Tuesday, October 26, 2004

Words of Encouragement

This morning as I was praying and reading, which let me say has been
really hard to do recently in the light of what has been happening, as
I finished I read Psalm 34 and wow what a Psalm. It talked about those
who as struggling if they keep close to the Lord he will deliver them,
it did not say He would stop what is happening (shame I know) but it
said that His strength would get me through, and that is what i needed
to hear today.

If you have never read it before, I encourage you to do it today, do it
now, we all go through though times and we all wish we did not, but I
know I have a power much stronger than me to help me through, His name
is Jesus.

Hope you too are encouraged by this Psalm!

Fast spin is here!!

Well today is a good day in many ways as we now have the long awaited
washing machine!! I can now create the wet cloths for the tumble
dryer.

I have not been to good at this blogging thing, I keep forgetting.
Well life has been hard recently as I had to make major decisions that
affect all of me not just certain areas, but every area. It has been
hard and it will get harder but I feel that it is the right thing to
do, that does not make it any easier, if only!

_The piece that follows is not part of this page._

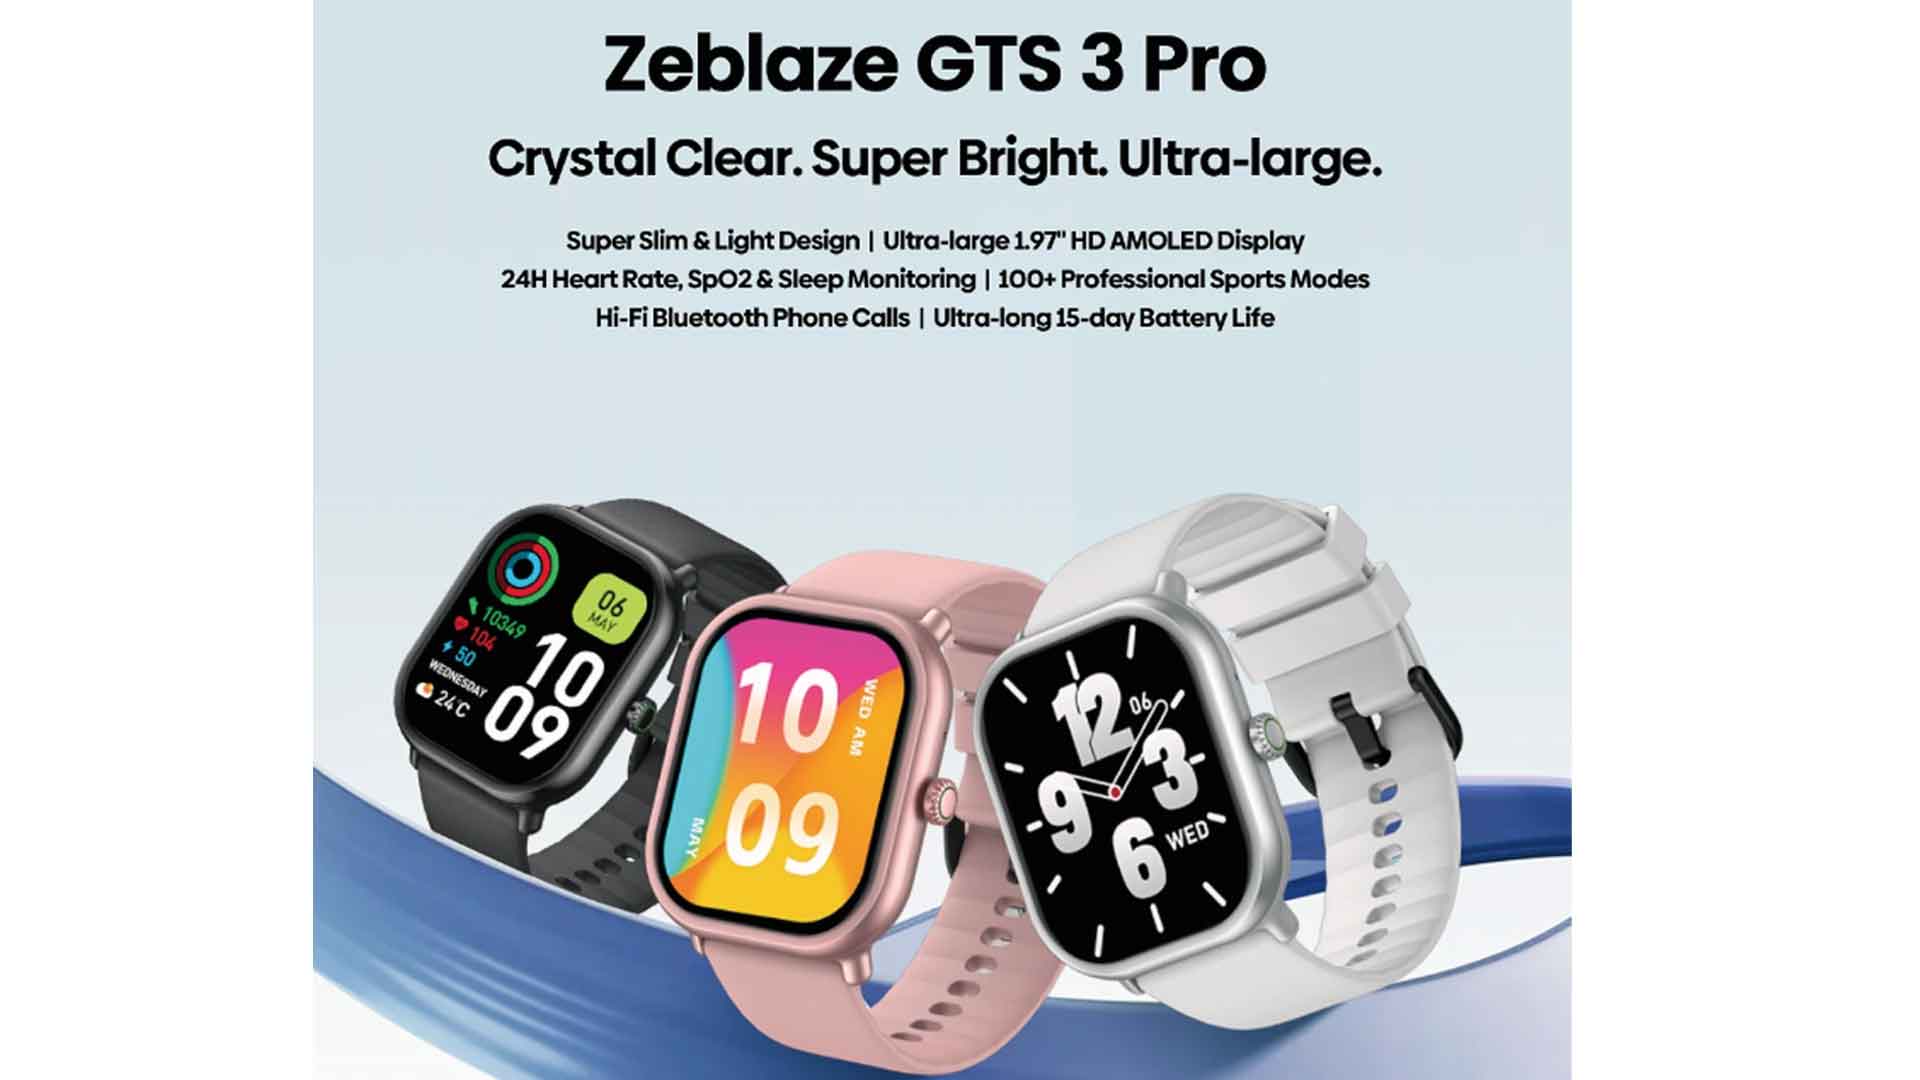 Zeblaze GTS 3 Pro smartwatch features, review, specs, price

It is funny how when you go through a tough time it makes you evaluate
everything and how it shows so much about yourself, the good and the
bad. I have realised that I am extremely secretive and do not share
how I feel on any other level than a superficial level. I can not bare
the thought of being open and venerable to anyone. I have found out
how high I rate trust in any relationship. I have found out that i
have so much baggage that I must deal with, and that is really hard as
we all like to think that we have it sorted, so when we realise that we
are not as sorted as we thought we were it is crippling.

I am guessing that the next few months may be the hardest of my life so
far as I am going to have to face some of my fears and also put myself
in a very venerable position. Just the thought scares me.

Well I think that I have shared enough already. Speak to you soon.